Philip Morris first starting selling tobacco products to the public all the way back in 1847, but, more than 170 years later, the company has read the tea leaves and the future is “smoke-free.”
This is pretty bad for business (although the company still rakes in around $28 billion a year)—and, as it turns out, its business is pretty bad for customers’ health. So the new idea is to help people with lung and heart conditions like ones caused by smoking.
Bitterly ironic? Maybe, but Philip Morris is putting its money where its mouth is: This summer, the cigarette maker has put $1.45 billion on the table for inhaled drug maker Vectura (though that is not going smoothly), and is now looking to branch out more with a new deal to buy OtiTopic.
The U.S. respiratory drug development company comes with a late-stage inhalable acetylsalicylic acid (ASA)—better known by the brand name Aspirin—specifically designed for acute myocardial infarction, aka heart attacks.

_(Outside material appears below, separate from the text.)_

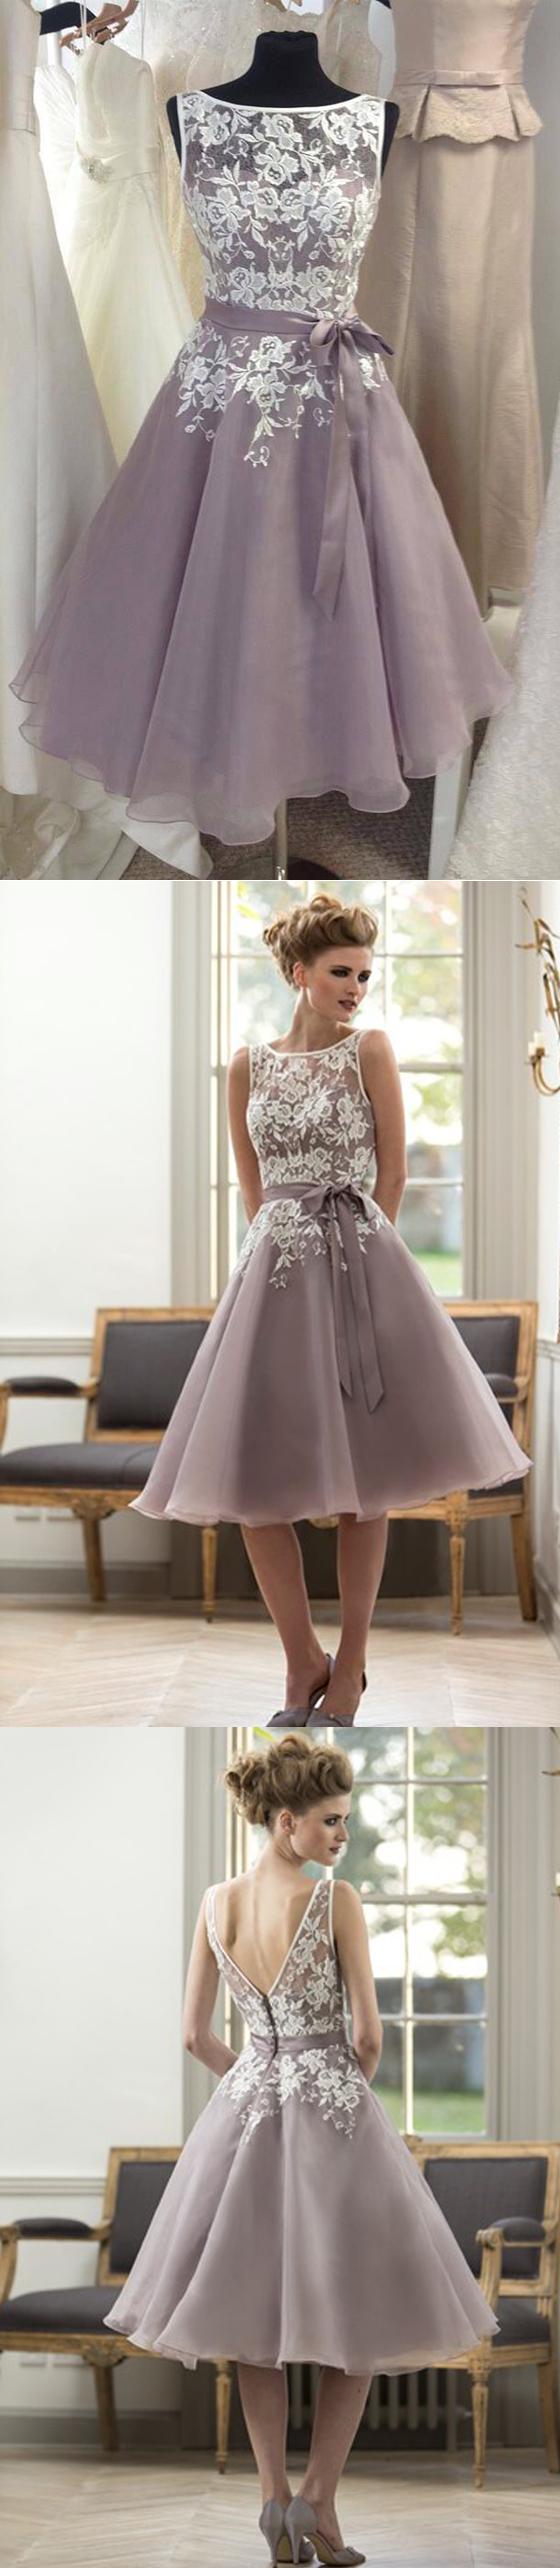 Scoop neckline lace top short bridesmaid dresses with sash formal

The therapy is aimed at those at an intermediate to high risk for myocardial infarction.
The inhaled therapy, to be known as Aspirhale, works as a dry powder inhalation of ASA delivered through a new, self-administered aerosol.

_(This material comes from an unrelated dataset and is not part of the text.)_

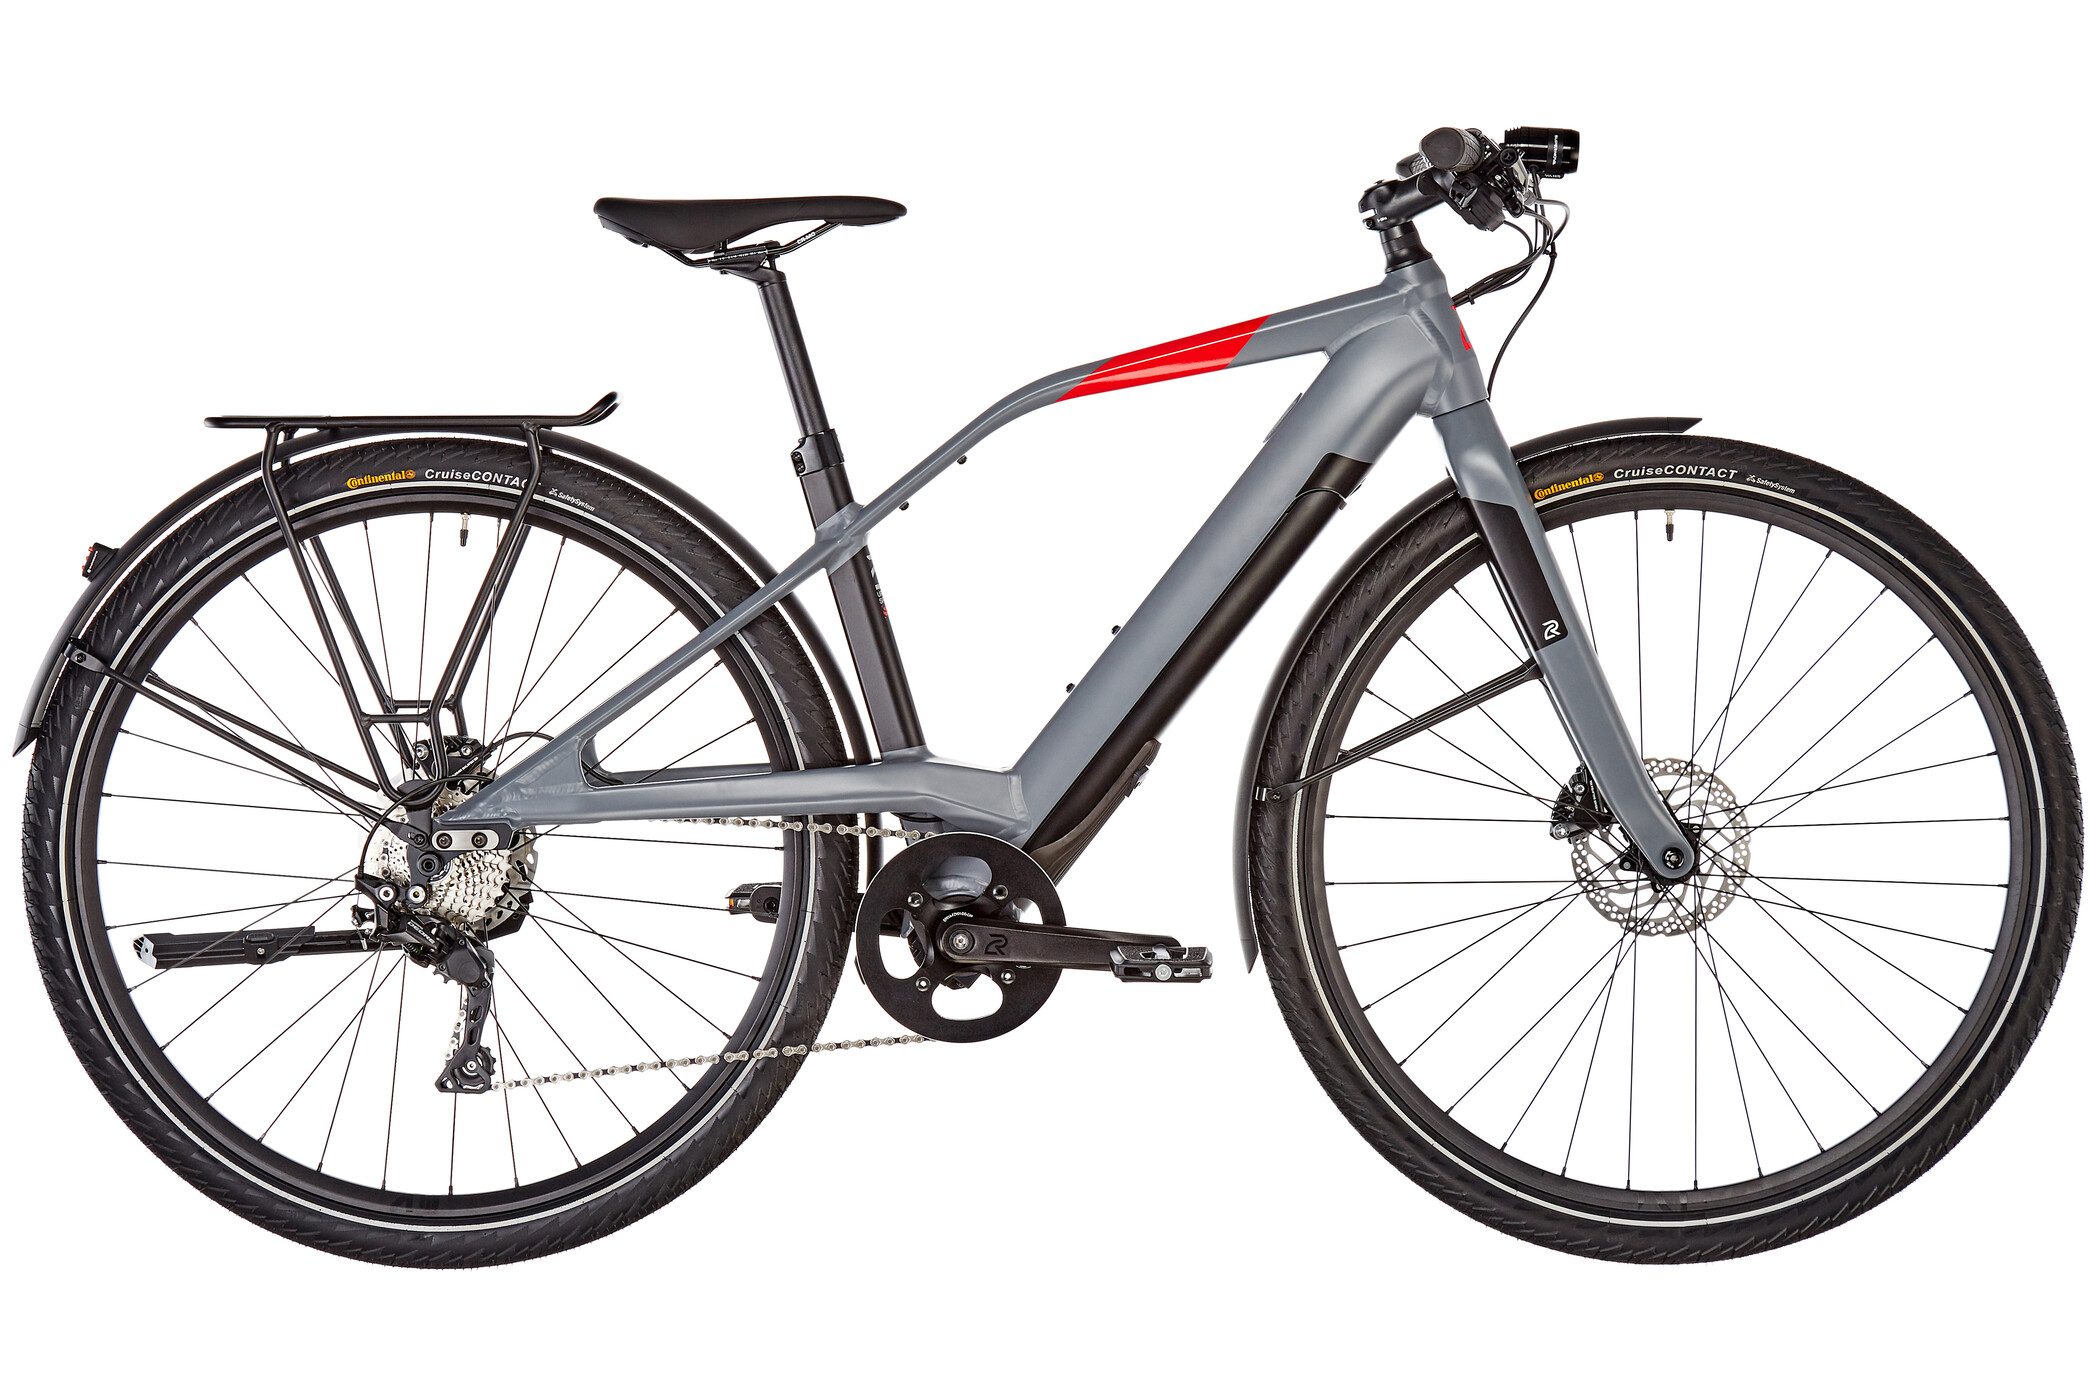 LOGO FS10 FAZUA E Bike dark greyblackred

OtiTopic is hoping to finish up testing ASAP and, with the might of Philips behind it, file with the FDA for approval next year.
Early studies have shown the inhaled system “catalyzed peak plasma concentration and the desired pharmacodynamic effect, i.e., inhibition of platelet aggregation in two minutes compared with 20 minutes for coated chewable aspirin,” the company said in a statement.
“This speed is unprecedented and has significant potential implications for improving the survival of patients at risk of heart attacks,” it added.
No financial terms were included for the deal.
“This transaction aligns well with OtiTopic’s goals of unlocking what we believe to be a significant opportunity in inhaled therapeutics science,” said Kambiz Yadidi, CEO of OtiTopic. “We are entering this transaction to accelerate Aspirhale’s FDA filing, with the goal of delivering innovative therapies for people with intermediate to high risk for myocardial infarction.”
For its part, Philip Morris is pursuing a so-called "Beyond Nicotine" strategy to branch out from cigarettes into fields such as respiratory drug delivery and "selfcare wellness." It's banking on that strategy to deliver at least $1 billion in net revenues by 2025, CEO Jacek Olczak said in a statement a few weeks back.
According to the American Heart Association, cardiovascular disease, which can cause heart attacks, accounts for about 800,000 U.S. deaths every year, making it the leading cause of all deaths in the U.S. Of those, nearly 20% are due to cigarette smoking, according to the FDA.
Philip Morris has pledged to become more of a life sciences company and to one day stop selling cigarettes; it does, however, feel a little like an arsonist selling fire damage insurance.